I'm pessimistic: Snowe plays the game too well to ever lose (and that's really what she does each time; actively not lose) and this time she only needs 34% to get reelected. Time for instant run-off voting so that 3rd party and independent candidates don't keep inadvertently making it easier for incumbents to win.

 
At 1:03 PM, Blogger Joe said...

Admittedly it's a long shot. I read that JHB's "war chest" was $80,000, vs. OJS's $3.5 Million.

Minor nitpick - Snowe needs as little as 34% to get re-elected. If Slavick were to get no votes, Oly would still need the requisite 50.1%. I agree that instant run-off voting is a thing whose time has come. Perhaps we'd see some real support for third- (and 4th- and 5th-...) parties if a vote for a third party wasn't effectively a vote for the opposition. I know I'm tired of voting defensively, when I might prefer a third-party candidate.

 
At 1:04 PM, Blogger Joe said...

Then again, it's not about true democracy, it's about keeping in power those currently in power.

 
At 9:55 AM, Blogger Wisdom Weasel said...
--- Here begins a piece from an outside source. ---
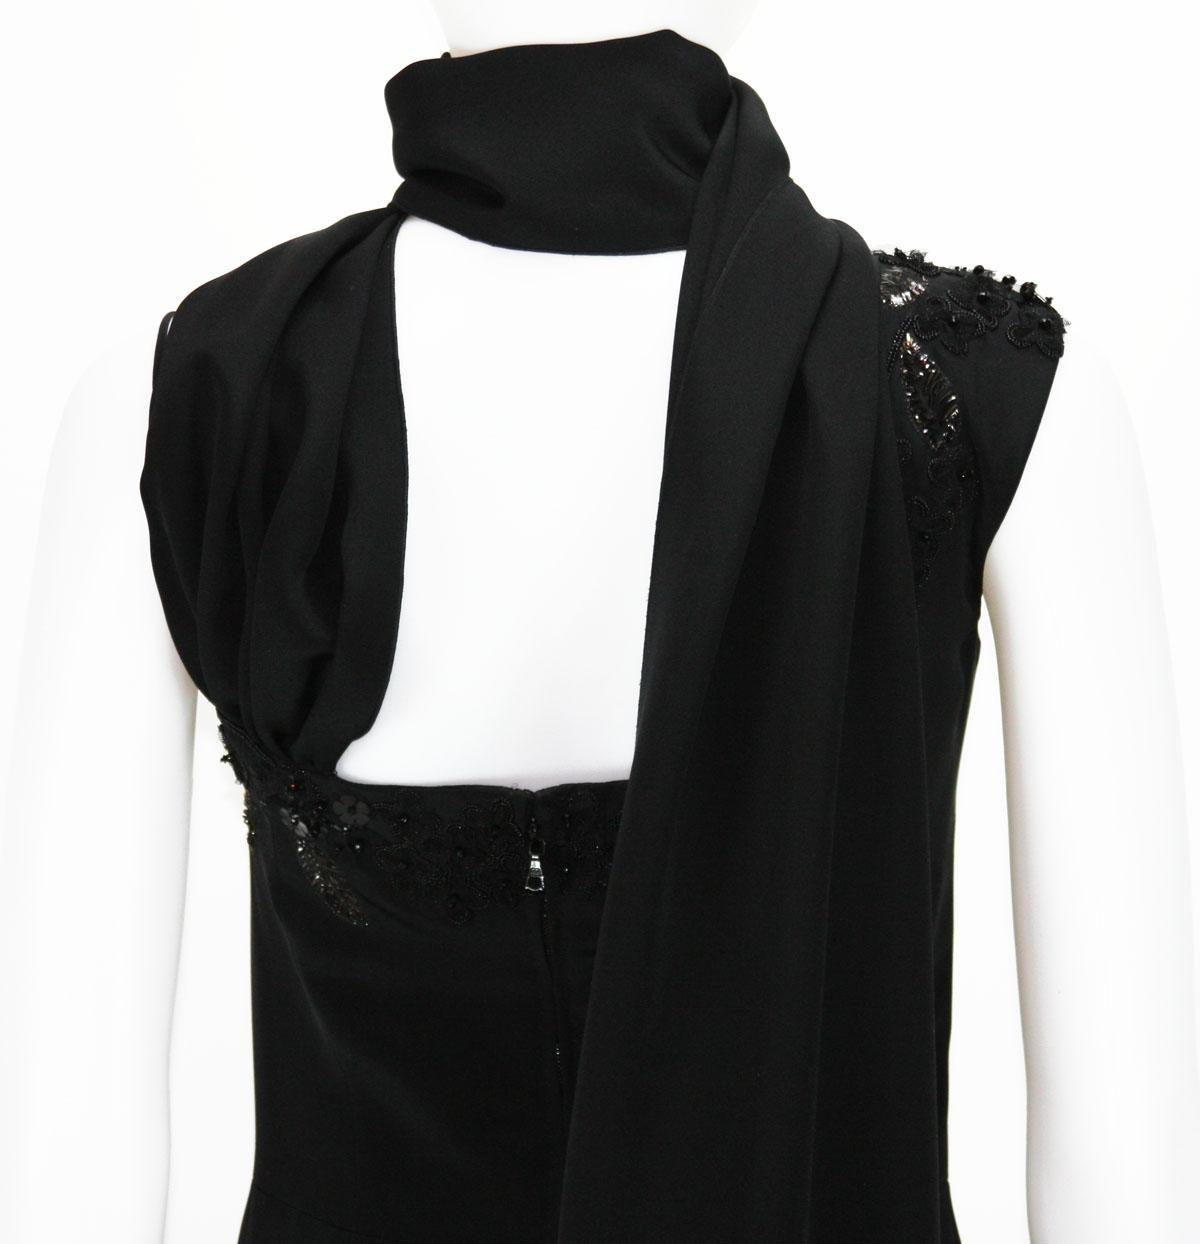 New $7500 L'WREN SCOTT S/S 2010 Represent Her *MADAME DU BARRY* Black Dress Gown 4

True.. if Slavick draws no votes. I think he'll draw the equivalent of Nader nationally in 2000; not enough to be statistically significant but enough for the Dems to blame him when they are trampled by Snowe.

Growing up with the British system where there were two parties in play but always a third on hand to draw a significant minority and also a "first past the post" forms the government means that for most of my life the British government has never had a plurality of the popular vote but always enough seats in the house to outvote the combined opposition. They might be stable systems on both sides of the Atlantic but they aren't democratic :(

I agree too about the impossibility of getting a bunch of politicians to vote to make their own chances harder.

 
At 6:27 AM, Blogger Jim said...

Joe wrote:

"I agree that instant run-off voting is a thing whose time has come."

Yeah, I'd say it's long past time we did something new and different.

I concur wholeheartedly with your post on Snowe. It pisses me off that Mainers keep sending this pathetic champion of mediocrity back and our weakass local media has the audacity to compare her to Margaret Chase Smith--good lord!!